[SUPPLIED MATERIAL]
------------------------------------------------------------------------

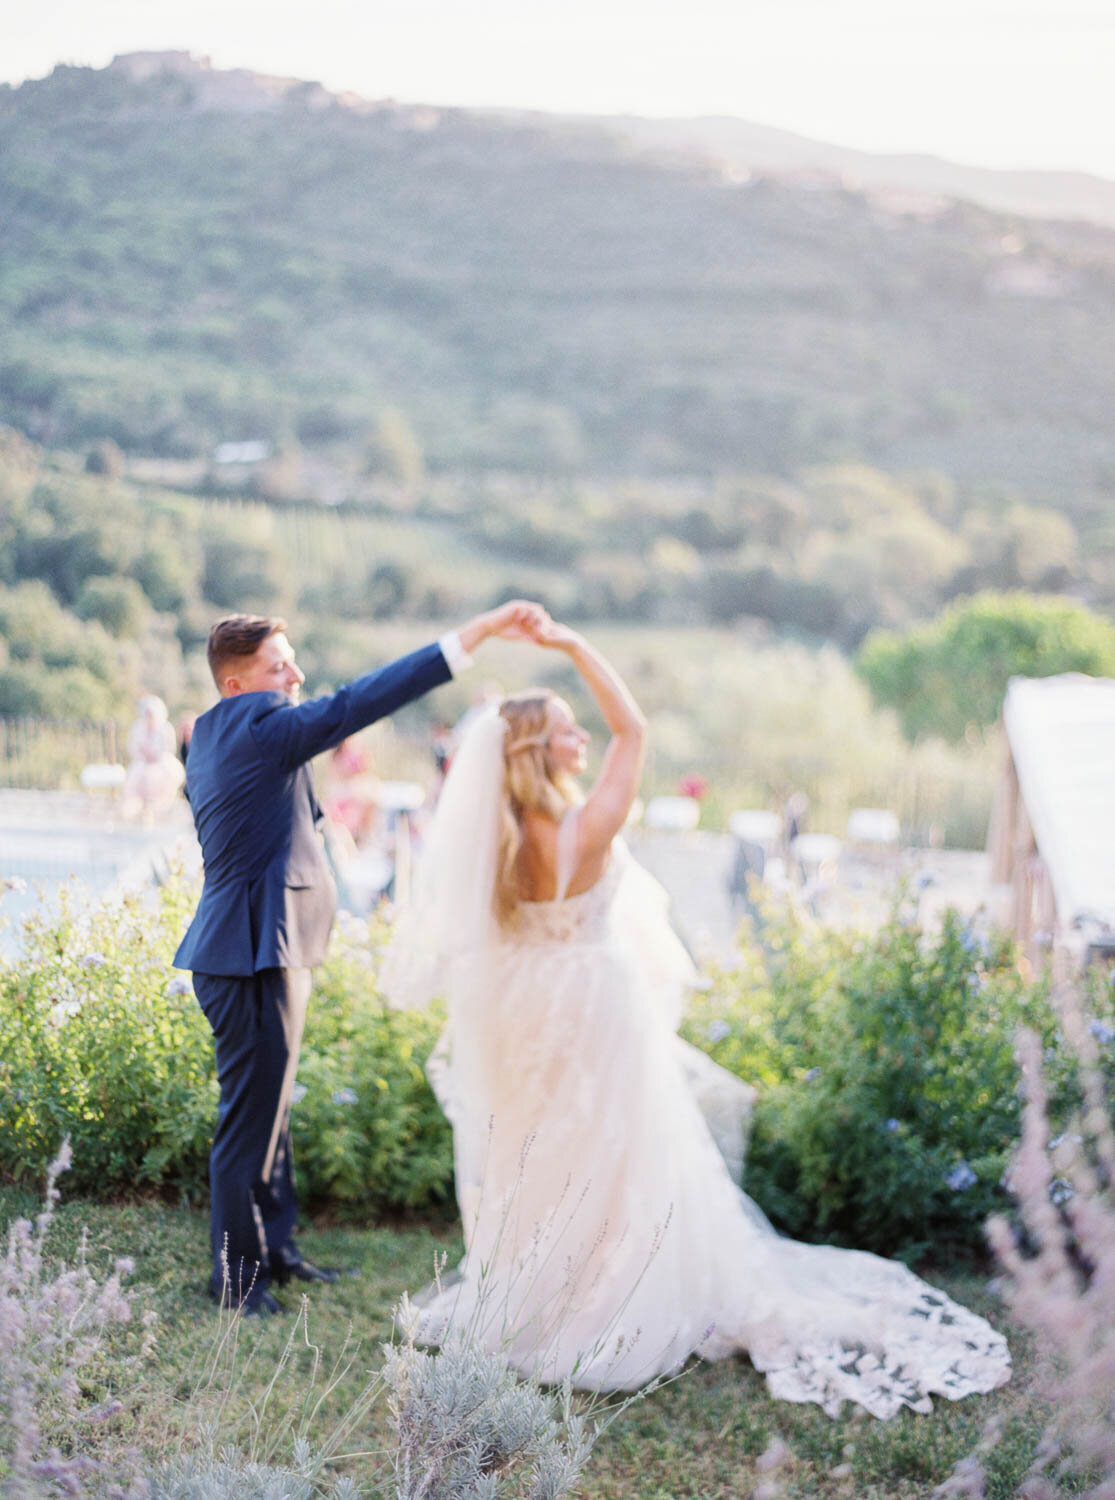 Bride and groom dancing in. tuscany
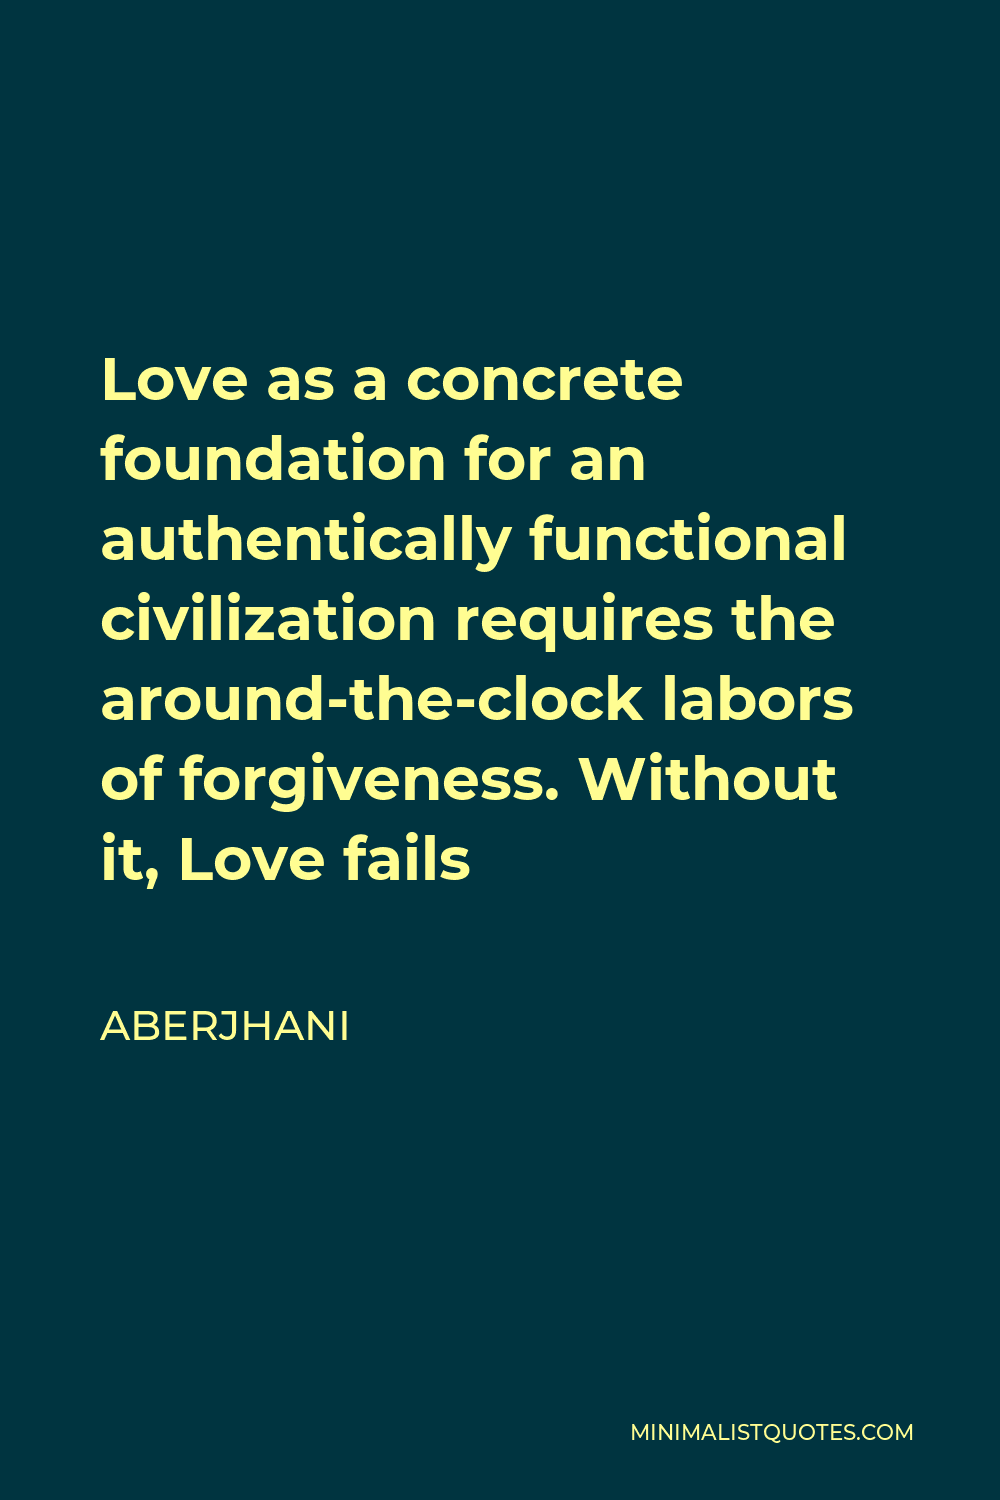 Aberjhani Quote - Love as a concrete foundation for an authentically functional civilization requires the around-the-clock labors of forgiveness. Without it, Love fails
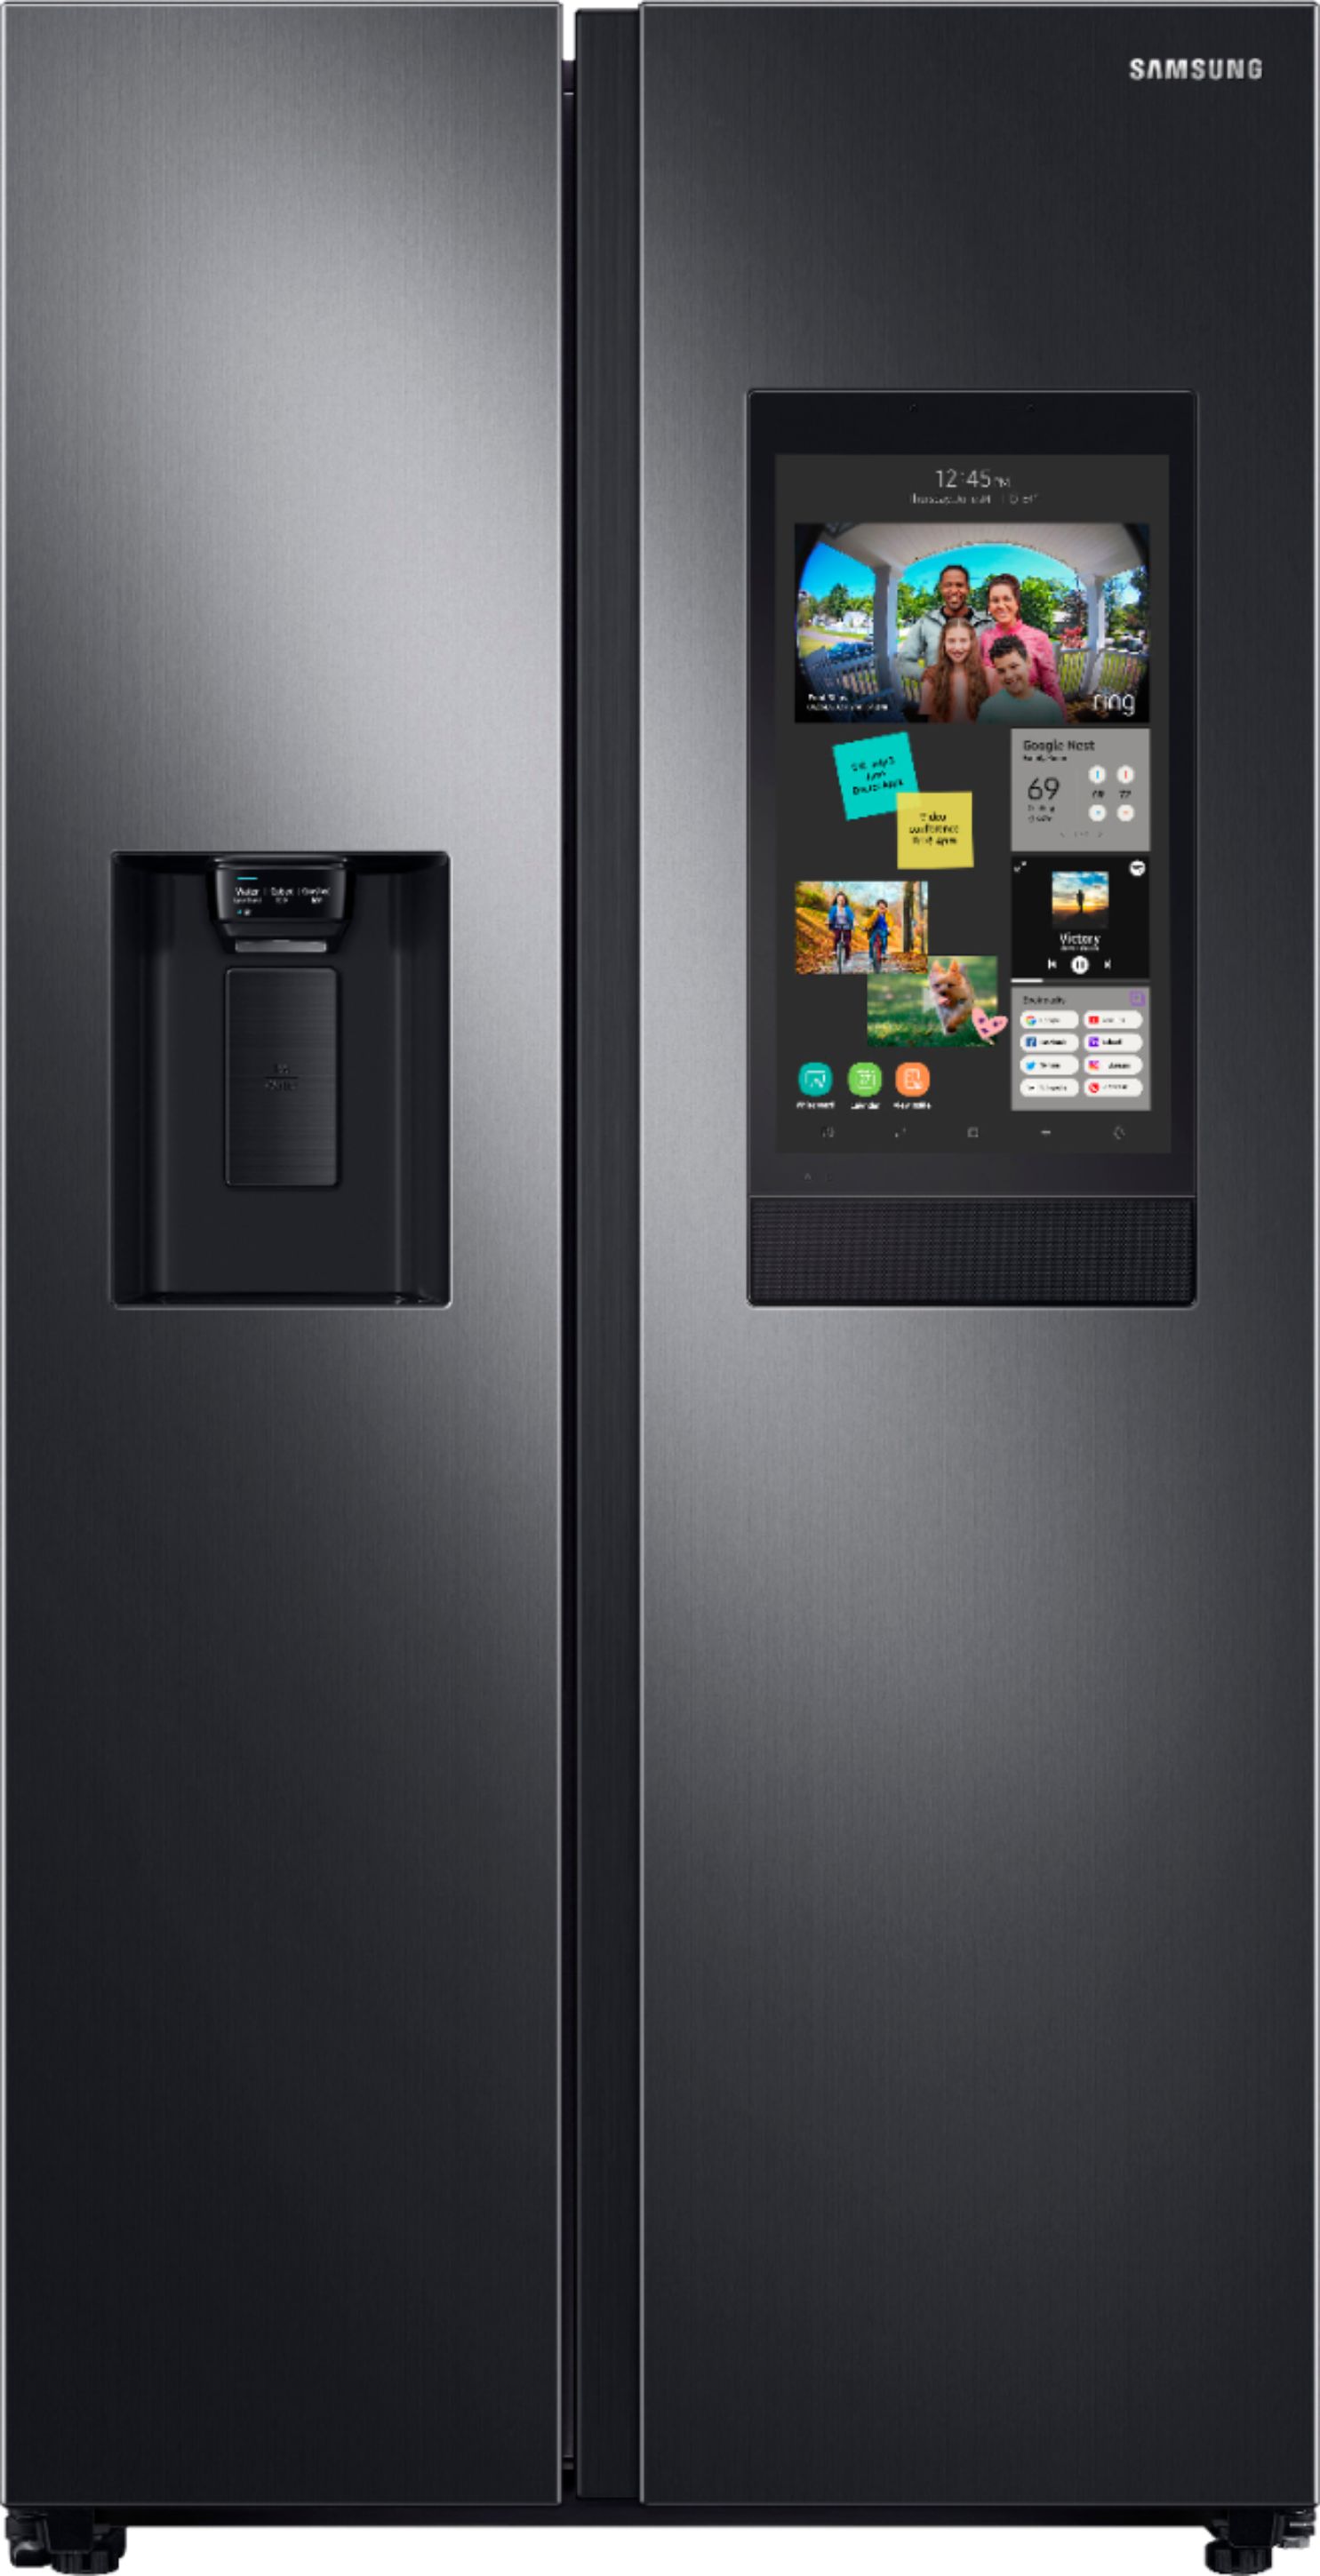 Look What's On My New Refrigerator Samsung Family Hub Review

------------------------------------------------------------------------

Word for word, write out the whole listing, keeping none of the pictures.

[EXPECTED ANSWER]
 Bride and groom dancing in. tuscany
 Aberjhani Quote - Love as a concrete foundation for an authentically functional civilization requires the around-the-clock labors of forgiveness. Without it, Love fails
 Look What's On My New Refrigerator Samsung Family Hub Review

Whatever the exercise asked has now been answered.